A Hybrid Neural Code for Operant Control Decomposing Firing Rate and Precise Spike Timing Contributions to Neural Synchrony
摘要
The debate concerning whether neural information is primarily transmitted via firing rate or precise spike timing remains central to neuroscience. Here, we tried to address this fundamental ambiguity in the primary motor cortex (MI) using a novel Brain-Machine Interface (BMI) task where rats were trained to voluntarily modulate neuronal population synchrony for reward. This operant conditioning paradigm allowed for the quantitative decomposition of the neural control signal into its coarse- and fine-timescale components. Behavioral analysis confirmed robust and stable control, marked by a synchronized elevation in population firing rate within the 300 ms pre-reward window. Temporal perturbation testing demonstrated that the coarse-timescale rate modulation alone provides a robust, near-threshold signal, confirming the capacity of firing rate for reliable information transmission. Crucially, we quantified the Rate-Independent Coincidence Spiking Pair count (RI-NCSP) —a metric designed to filter out chance coincidences driven by elevated firing rates—revealing a statistically significant Excess Synchrony that emerged exclusively during successful trials.
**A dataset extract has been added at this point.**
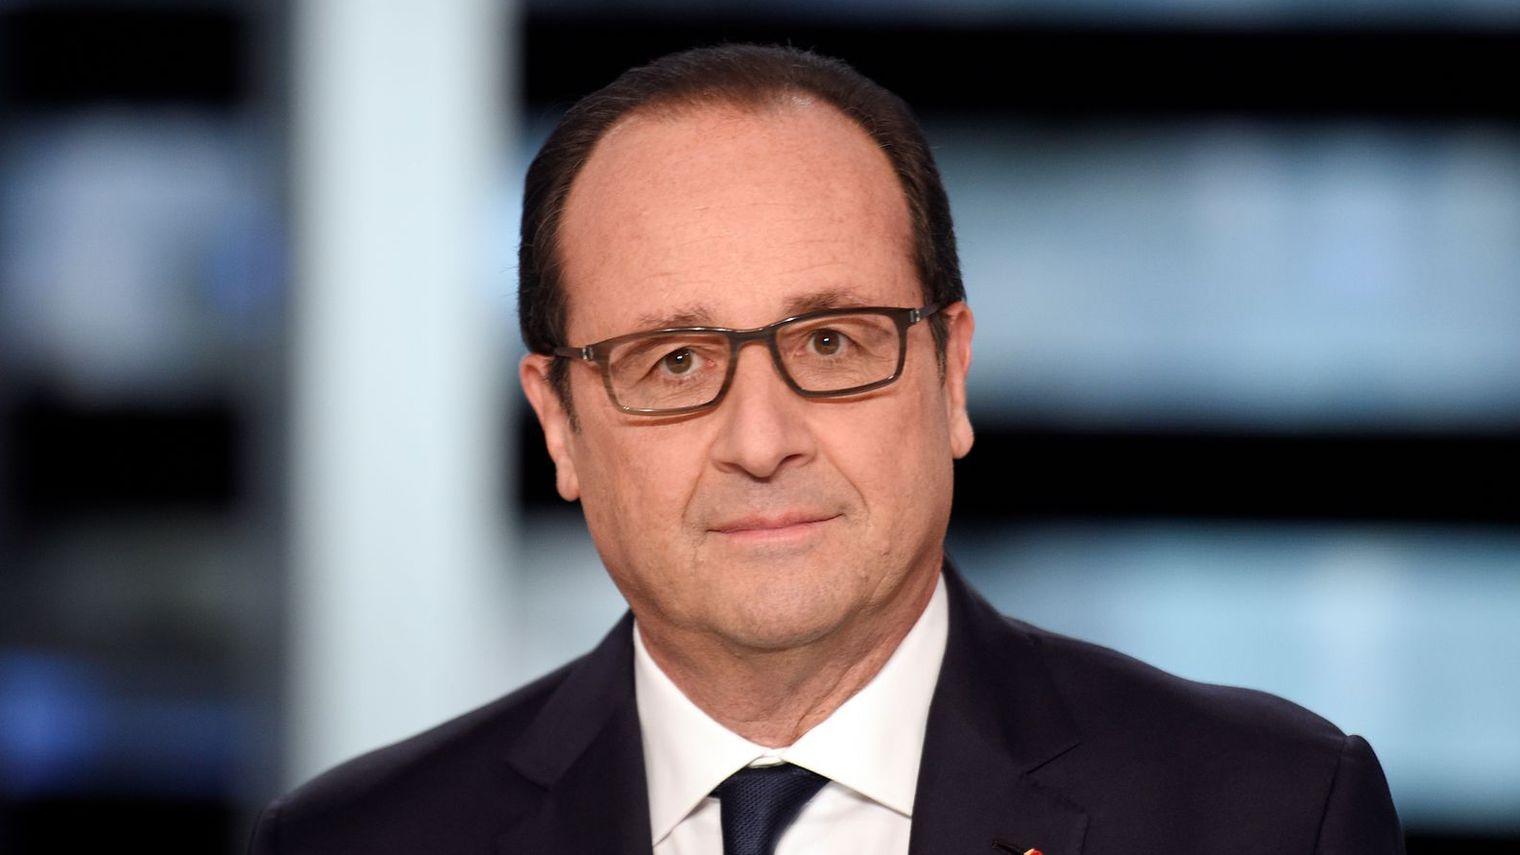 Hollande: Trump insanda kusma isteği uyandırıyor

Our finding proves that the precise spike timing contributes information independently of the firing rate increase. Finally, we utilized a multi-class Support Vector Machine (SVM) to assess feature utility. Decoding accuracy achieved with the combined feature of both components was significantly superior to that of either component alone. These results imply a Multiscale Hybrid Code architecture for neural coding, where the coarse rate component provides robustness and the precise timing component offers critical informational refinement. This framework is essential for the future design of BMI systems that leverage multiscale feature fusion for optimizing performance and efficiency.